A US academic has warned the administration of US President Barack Obama not to sell F-16C/D aircraft to Taiwan, in case China reacts in an unpredictable and extraordinary way.
“Don’t sell F-16s to Taiwan — not now, anyway,” George Washington University professor Robert Sutter said.
“This is not a good time. If you push you might get an extraordinary reaction not bound by international norms,” he told the 41st Taiwan-US Conference on Contemporary China in Washington.
Asked later by the Taipei Times just how he thought China might react to a sale of the fighters — Taipei has been trying to buy 66 of them for many years now — Sutter said he did not know and could not speculate about it.
“That’s the thing — we don’t know,” he said.
Sutter caused something of a flap at the Carnegie Endowment conference with his controversial paper and statement over the fighter jets.
Senior associate in the Carnegie Asia program Michael Swaine — acting as moderator of the panel on which Sutter spoke — went out of his way to disagree with Sutter’s conclusions about Chinese foreign policy.
Swaine said he did not share Sutter’s sentiments and that China’s recent behavior was understandable.
Sutter argued that Beijing’s reaction to the Philippines and developments around the Scarborough Shoal (Huangyan Island, 黃岩島), and to Japan over the Diaoyutai Islands (釣魚台), was unexpected and unpredictable.

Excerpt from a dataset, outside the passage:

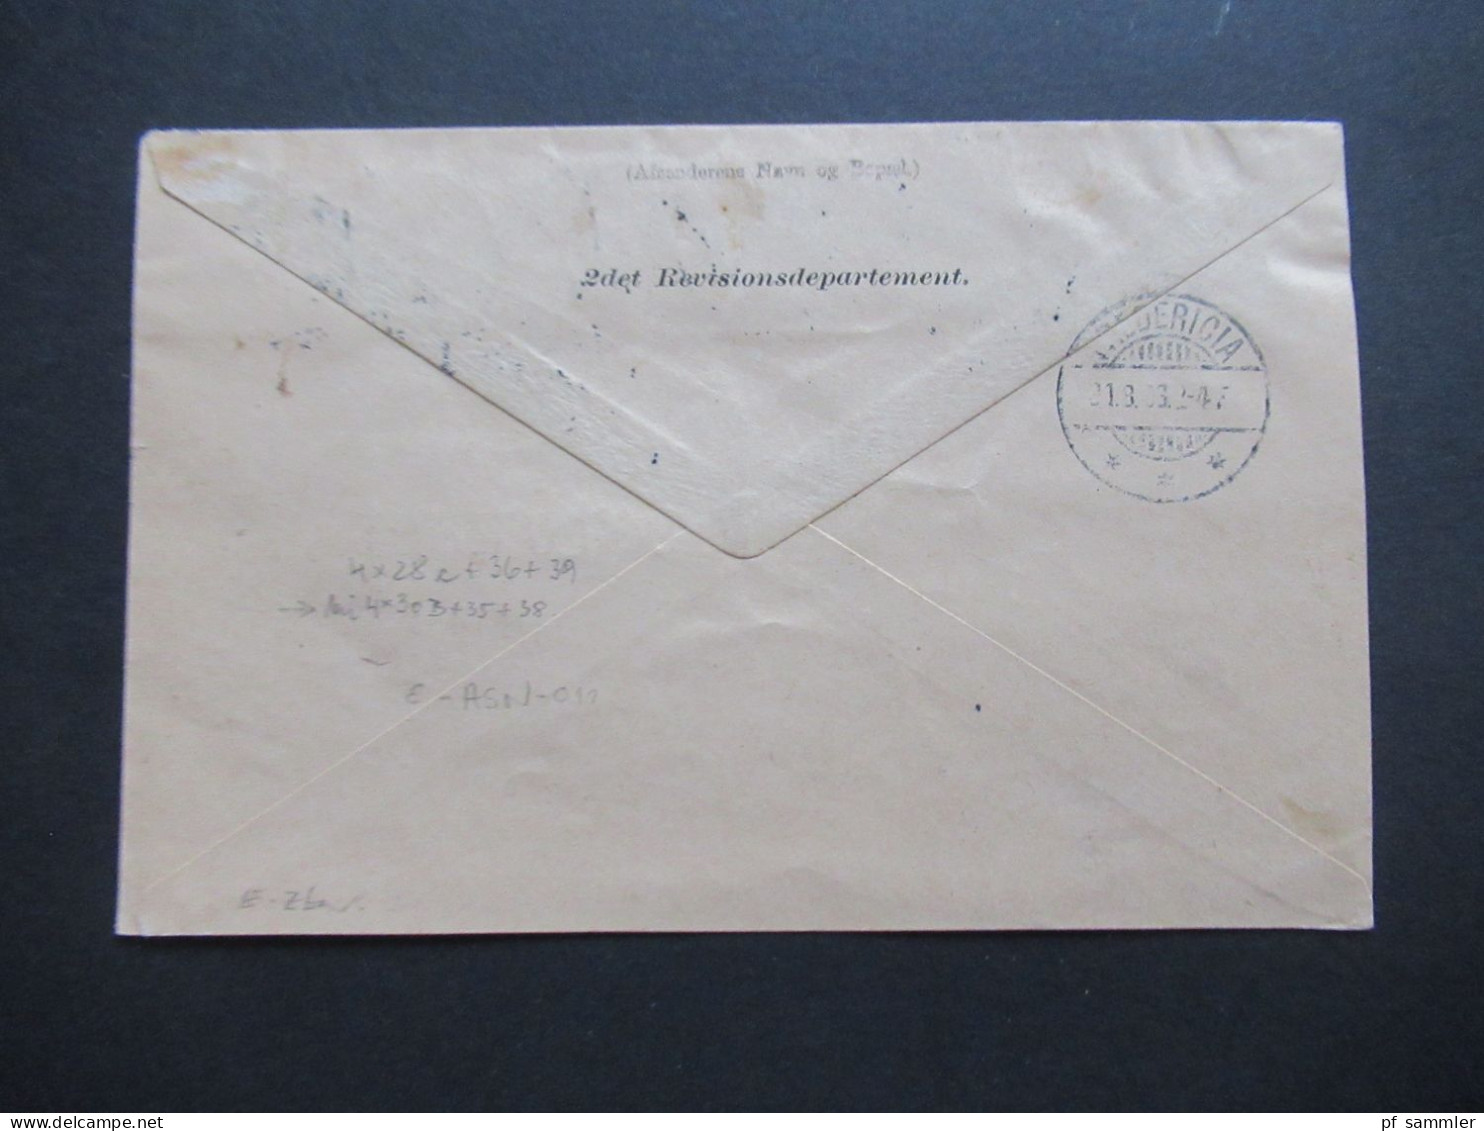 Dänemark 1903 Ziffern im Rahmen Paketkarte mit 4x 50 Öre als waagerechter 4er Streifen MiF

However, Swaine said the Chinese would argue that both the Philippines and Japan had changed the rules governing the contested areas and that Beijing thought these changes were “unjust and unfair.”
He said China did not like the changes and was determined to show that it was not going to accept them.
“The context makes a difference,” he said.
Sutter said he found the mix of assertiveness and peace and development in Chinese foreign policy to be “perplexing.”
“Looking at the past and what they actually do, can be more helpful than interpreting their statements of what they might do,” Sutter said.
“This makes me cautious right now because I am a little concerned about the rounds of assertiveness,” he said.
Sutter said the goals of Chinese foreign relations were clear, but that they conflicted with each other.
The strategy on one hand is peace and development, but at the same time they have “core interests that conflict with this peace and development.”
“The result is that you have constant tension in Chinese foreign policy. In the past this tension has been pretty well managed, but over the last four or five years, with the ascendance of assertiveness, you have an era of uncertainty. What will the Chinese do?” he said.
Sutter said that China was using extralegal measures to “intimidate and enforce” its position with the Philippines and Japan, while still talking about peace and development.
“Countries in the region are intimidated, they are not going to take chances,” he said.
Sutter then raised the potential sale of F-16C/Ds to Taiwan — a sale that China strongly protests and objects to.
“I would tell the Americans to be careful in this part of the world, because if you do something, you might just set the Chinese off,” he said.
“The implications of this are that we cannot really assume that the peaceful approach is going to continue,” Sutter said.
The professor concluded that recent Chinese behavior showed that the direction of Chinese foreign policy on sensitive issues and security could change sharply toward assertiveness.
He said the circumstances causing the change were hard to predict and could involve “widespread violence well beyond the scope of accepted international behavior.”
Sutter said those most at risk were the countries in nearby Asia with salient differences with China over sovereignty and security issues.
“The absence of strong adverse foreign reactions to China’s assertiveness and the presence of broad domestic Chinese support for such actions strongly suggests more assertive Chinese approaches regarding security and sovereignty issues in the future,” he said.